During our webinar, we discussed this issue in detail. Our panel felt on the whole that the workplace has changed in recent years. Greater flexibility is generally more widely available. It was noted that the effect of the COVID-19 pandemic has highlighted that it is possible to work outside of the standard 9 to 5 and still be an effective leader or team member.

Workplace Culture

A report in 2018 by PWC, which is based on a survey that questioned over 3000 women, highlighted the culture within workplaces as a key factor to the progression of women to more senior roles. Women questioned by the survey identified a lack of identifiable role models within an organisation as a particular problem. This meant that many of their questions about whether they could progress to a more senior level lay unanswered. There were no women carrying out these roles whilst juggling childcare or working flexibly, for example. During our recent webinar, our panel discussed this in detail. They felt that there is still a perception that in order to succeed, a woman needs to be tough and develop a hard exterior. They advocated the need for women who don’t fit this mould to be seen in more senior positions.

Inconsistency in policy across companies was also identified as a problem for women trying to progress in their careers. The PWC report cited a survey by ‘The Working Mother’ that demonstrates this. Of the 100 companies covered, policies varied widely. Some offer generous parental leave whilst having few programmes in place for career development. Mentorship may be offered at some companies who at the same time offer no flexibility in working arrangements.

Changing Mindsets

The report also highlighted that HR has a key role to play in embedding equality into the mindset of an organisation’s line managers. Stereotypes still exist and assumptions are often made about what women can achieve given their circumstances. Developing a culture and framework for progression that’s based on ability and performance is key rather than assuming barriers that may not exist. For example, assuming that a woman may not be able to attend important evening events due to family commitments may be flawed as she has support at home. At our recent webinar, our panel agreed that having a supportive line manager is a vital ingredient to a woman being successful in the workplace. Those managers with families of their own are seen as being the most understanding.

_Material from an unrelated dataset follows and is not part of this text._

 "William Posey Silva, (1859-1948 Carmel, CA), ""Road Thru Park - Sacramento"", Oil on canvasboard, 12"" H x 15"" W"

Culture is also key when you consider that 39% of the women surveyed would only put themselves forward for a promotion if they believed they met all of the required job criteria. Only 17% would put themselves forward if they met some but not all of these criteria. It is, therefore, really important that talent is recognised, nurtured and plans are in place to support this.

Networks

A woman’s network is vital to her success. The PWC report identified that women need both informal and formal mentors of both sexes to support them as they progress in their careers. This includes a supportive line manager but also informal advocates and advisors to discuss and share experiences with. Equally important, is a woman’s external network, particularly if she has caring responsibilities outside of the workplace. Our panel of qualified and trainee accountants endorsed this point wholeheartedly. Those with support from parents or family said that this had been invaluable to them. They also noted that companies need to recognise those women that don’t have external support and work with them to provide the flexibility or working arrangements they need.

How have things changed for women in accountancy?

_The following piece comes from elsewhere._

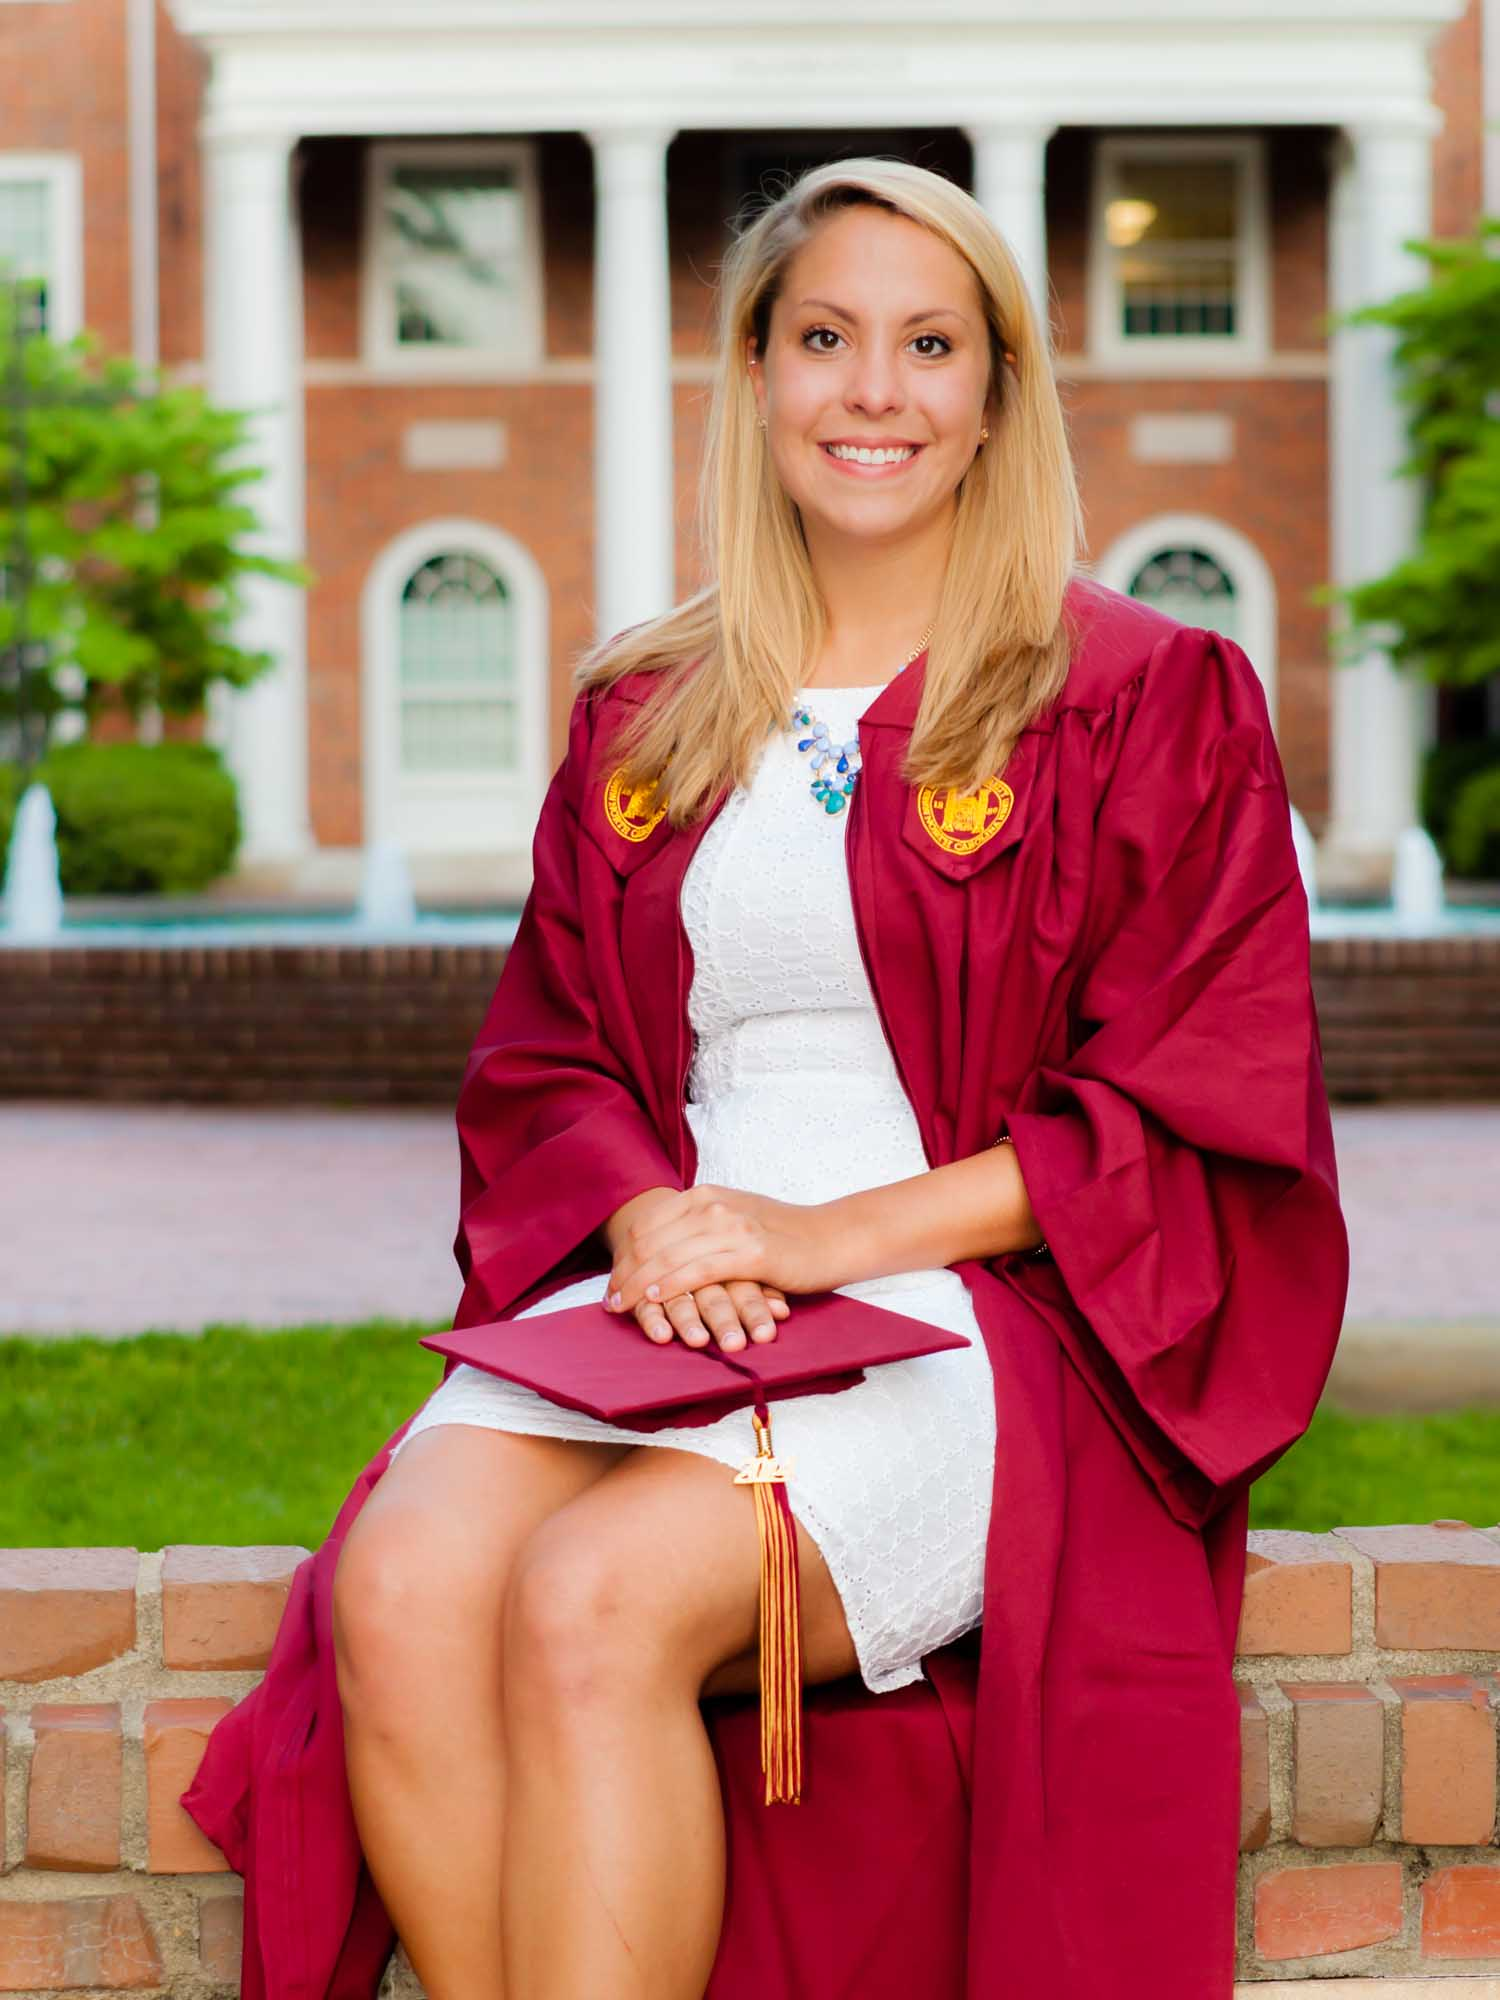 569-Becca & Friends Elon Graduation Portraits_.jpg

Some of the guests from our recent webinar have worked in the accountancy profession for over twenty years. We asked them to reflect on the changes they have seen during this time. All of the qualified accountants for our panel talked about joining businesses that were filled with men in grey suits at the start of the careers. However, all agreed that this is no longer the case. Our panel highlighted that despite this they still see few women in the most senior positions. The younger members of the panel also talked about how they feel that they have to prove themselves more than some of their male counterparts. They acknowledged that there is still a struggle to be taken seriously. However, on a positive note, they felt that there weren’t any barriers to their progression.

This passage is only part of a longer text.